Conséquences du covid : les entreprises du BTP entre le marteau et l’enclume

Les effets secondaires de la pandémie de coronavirus commencent à se faire sentir sur la plan économique, et pourrait provoquer, par effet domino, des situations inextricables. La fédération du BTP de la Moselle a ainsi communiqué sur les conséquences de la pandémie, et sur celles des enchaînements contractuels qui pourraient en découler.

Prix des matériaux et retards d’approvisionnement à la hausse, marges à la baisse

Le phénomène est mondial : la crise sanitaire du Covid-19 a désorganisé les chaines de production et les circuits logistiques internationaux au niveau des matériaux utilisés par les entreprises de BTP.

Premières conséquences de cette désorganisation, une flambée des prix des matériaux qui se fait sentir depuis plusieurs mois et qui s’ajoute à une hausse du nombre de retards d’approvisionnement de ces même matériaux.

Les chiffres donnés par la fédération du BTP sont conséquents : + 50 % de hausse des prix pour l’acier depuis début
2021, +28% pour le cuivre et + 22% pour le zinc sur un an. Ce sont pas les seuls matériaux à augmenter, puisque le bois, les produits plastiques, les isolants et les matériaux bitumineux connaissent eux-aussi des augmentations continues depuis le début de l’année.

Ne pouvant pas systématiquement répercuter ces hausses sur leurs tarifs de facturation, les entreprises de BTP font face à un risque d’effondrement de leurs marges. En effet, de nombreux marchés ont été signés à prix ferme, et ce plusieurs mois avant le démarrage des travaux, et donc avant la commande des matériaux.

Effet boule de neige

Avec le renforcement de l’incertitude de recevoir les produits nécessaires à la réalisation des chantiers, des pénuries sont annoncées dans différents secteurs, obligeant les entreprises à décaler certains travaux.

Certaines entreprises de BTP pourraient ainsi se retrouver coincées entre le marteau et l’enclume, puisque contractuellement des pénalités de retard peuvent être appliquées par les maîtres d’ouvrage à ces entreprises qui ne finissent pas dans les délais, mais qui dans le même temps ne sont pas responsables de la situation.
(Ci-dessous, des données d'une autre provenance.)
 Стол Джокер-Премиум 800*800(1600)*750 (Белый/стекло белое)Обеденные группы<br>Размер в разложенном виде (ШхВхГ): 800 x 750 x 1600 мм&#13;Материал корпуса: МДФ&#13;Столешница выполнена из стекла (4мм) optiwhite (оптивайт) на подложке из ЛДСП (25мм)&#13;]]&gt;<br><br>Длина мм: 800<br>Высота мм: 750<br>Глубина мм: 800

Par voie de communiqué, le Président de la Fédération BTP Moselle Pierre SCHAEFFER sonne l’alarme. Évoquant une véritable bombe à retardement pour les entreprises et les emplois des entreprises du BTP, il appelle à un partage des surcoûts et à plus de compréhension de la part des donneurs d’ordre :

« Notre secteur est doublement victime. Les entreprises ne parviennent pas à répercuter les hausses des prix des matériaux et vont se voir réclamer des pénalités de retard. Nous sommes face à une bombe à retardement. Je suis soucieux pour la pérennité des entreprises de BTP. Elles restent fragiles suite au confinement du printemps 2020, pendant lequel les chantiers avaient été arrêtés 2 mois.
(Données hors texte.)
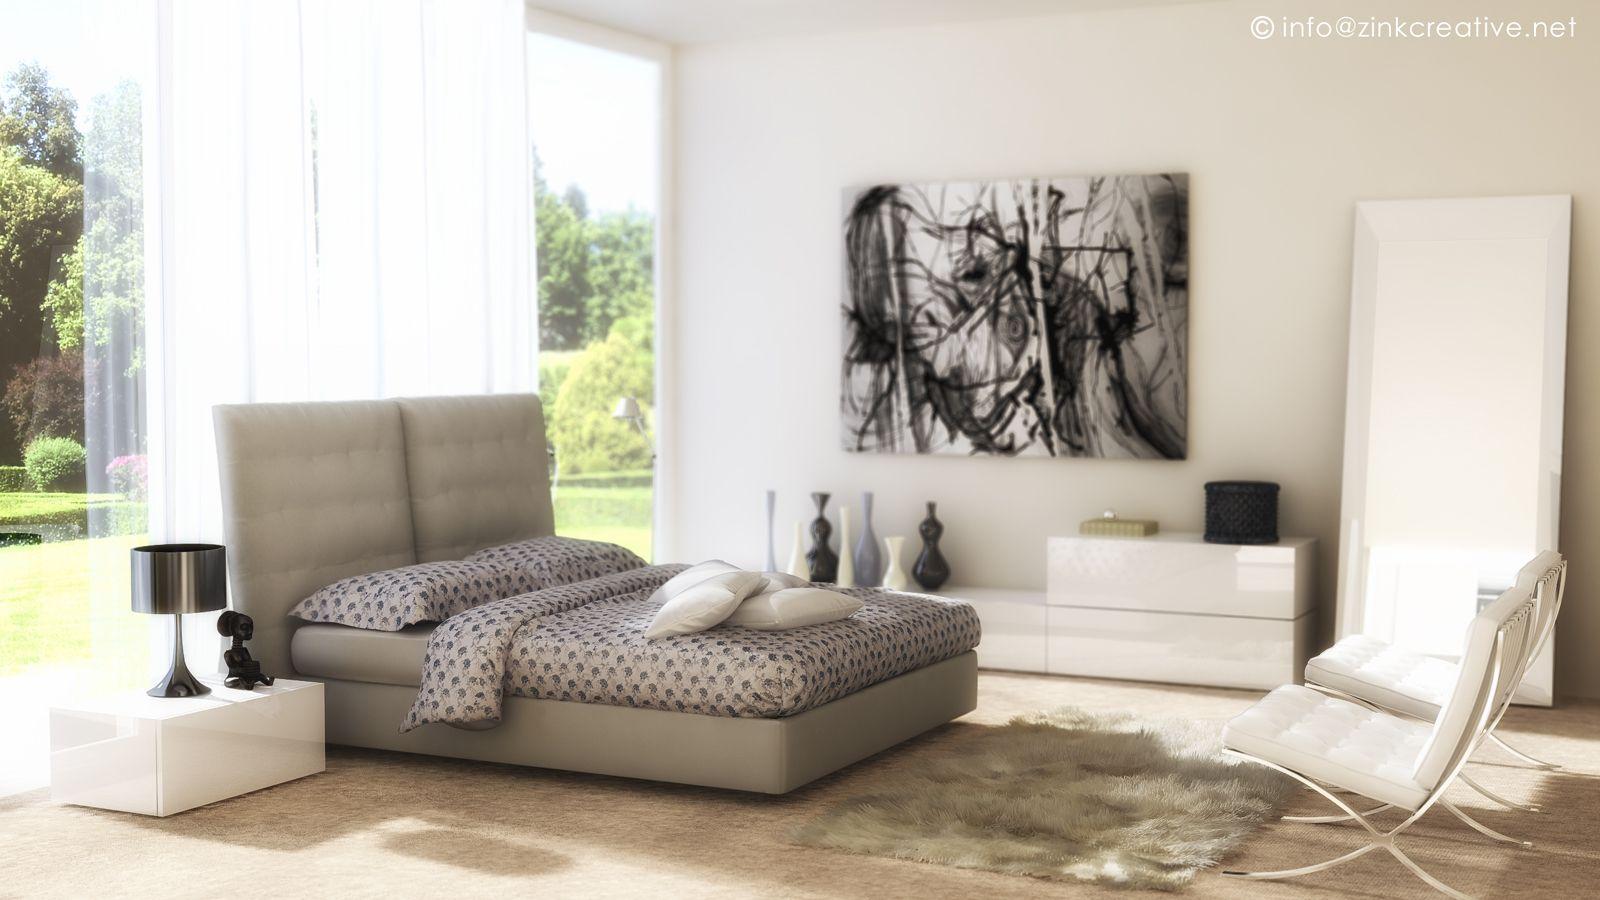 Bedroom, credits: Zink Creative Studio

J’ai dernièrement écrit à l’ensemble des maitres d’ouvrage publics et des bailleurs sociaux de Moselle pour les alerter de la situation. Il est indispensable qu’ils acceptent de négocier avec les entreprises un partage des surcoûts et d’être plus souples face aux retards. Notre Fédération a par ailleurs demandé au Gouvernement le gel temporaire des pénalités de retard pour les marchés publics et privés ainsi qu’une révision systématique des conditions de prix des contrats. »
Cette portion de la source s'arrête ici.